Les régates et le yachting sont une source financière importante pour la ville. Dès la deuxième édition, le succès de cet événement entraîne un renouvellement des constructions afin d’accueillir les canotiers et leur entourage. L’interdiction d’utiliser les quais est imposée par la municipalité aux navires de commerce et aux charbonniers, du 15 janvier au 15 avril. Lors de la saison d’hiver 1905-1906, le Cercle nautique compte 112 membres permanents et 137 temporaires. Après la Première Guerre mondiale et la Révolution russe, l’aristocratie délaisse le Cercle au profit de « nouveaux riches ». L’audacieux grand couturier Paul Poiret y ouvre une boutique en forme de guinguette. En 1919, s’y tient la conférence médicale internationale des sociétés de la Croix-Rouge. Mais surtout, le Cercle nautique accueille la conférence internationale pour la paix en janvier 1922 qui réunit les pays vainqueurs sous les auspices de Lloyd George et Aristide Briand. Un casino s’y installe, des conférences et des expositions s’y tiennent. Après dissolution de la société anonyme immobilière du Cercle nautique, les locaux sont vendus en 1928 au directeur des Galeries Lafayette de Paris avec projet d’y construire un grand magasin. Le projet ne voit cependant jamais le jour. Il est racheté par la ville de Cannes en 1942 et en 1944, sur la proposition de la commission extra-municipale des sports et des loisirs, une partie des locaux est affectée à une maison des jeunes où l’on trouve les scouts, un foyer du soldat, un photo-club et… la Société des régates. Le cercle nautique est finalement victime du succès du festival de cinéma inauguré en 1939 : il est détruit pour laisser place au palais des festivals en 1947, qui sera à son tour démoli en 1988 (pour être déplacé) afin de construire un hôtel-palace.
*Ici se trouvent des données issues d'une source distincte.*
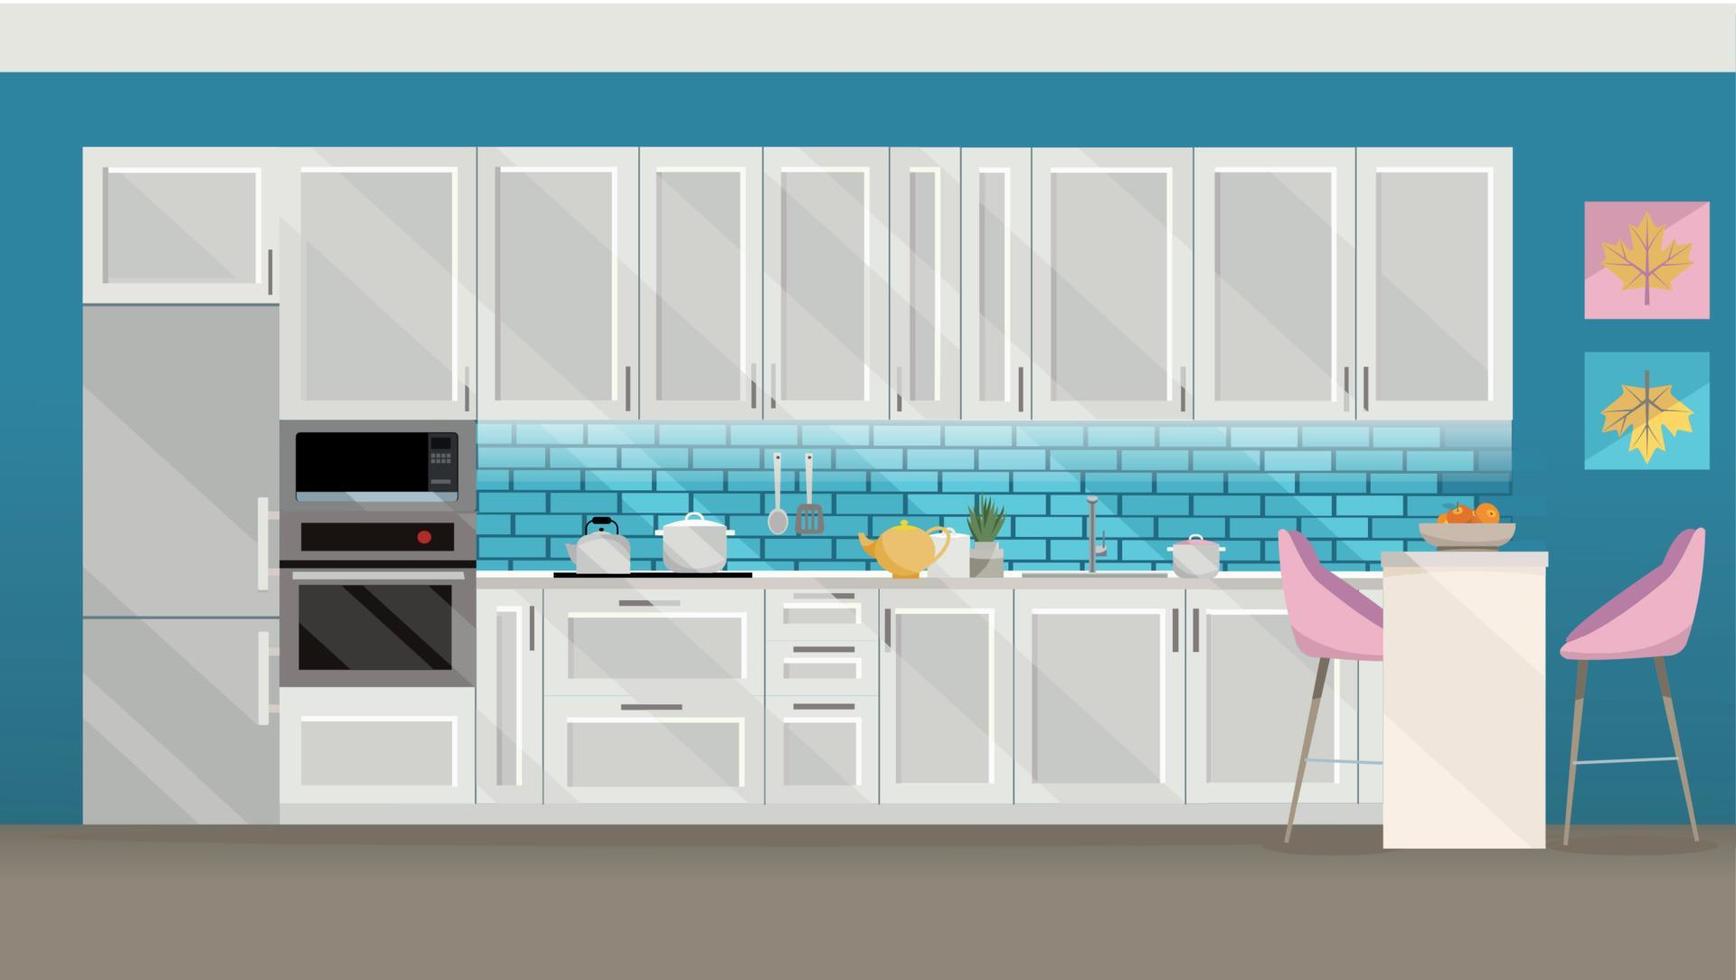 flache illustration weiße küche auf blauem hintergrund mit küchenzubehör-kühlschrank, ofen, mikrowelle. Esstisch mit 4 Stühlen am Fenster mit transparenten Vorhängen, Tee, Teekanne. flacher Cartoon-Vektor. vektor

Supprimées durant la Seconde Guerre mondiale, les régates sont toutefois relancées en 1946 et accueillent environ 150 yachts de petits et moyens gabarits montrant une démocratisation de ce sport. À partir de 1960, elles tombent dans l’oubli et sont remises à l’honneur en 1978 par le maire de l’époque, Bernard Cornut-Gentille. Les régates se disputent alors sur une semaine, au mois de septembre. Elles accueillent cette année-là environ 40 yachts. En 2022, ils sont 130 à s’affronter lors des 44e Régates royales de Cannes, preuve de leur popularité.

 

Bibliographie

Archives municipales de Cannes, Quartier du vieux port, coll. Histoire d’espaces publics, éd. Ville de Cannes, Cannes, 2009.

Cainaud Marie-Hélène (dir.), Histoire des sports élégants, Côte d’Azur, éd. Ville de Cannes, 2016.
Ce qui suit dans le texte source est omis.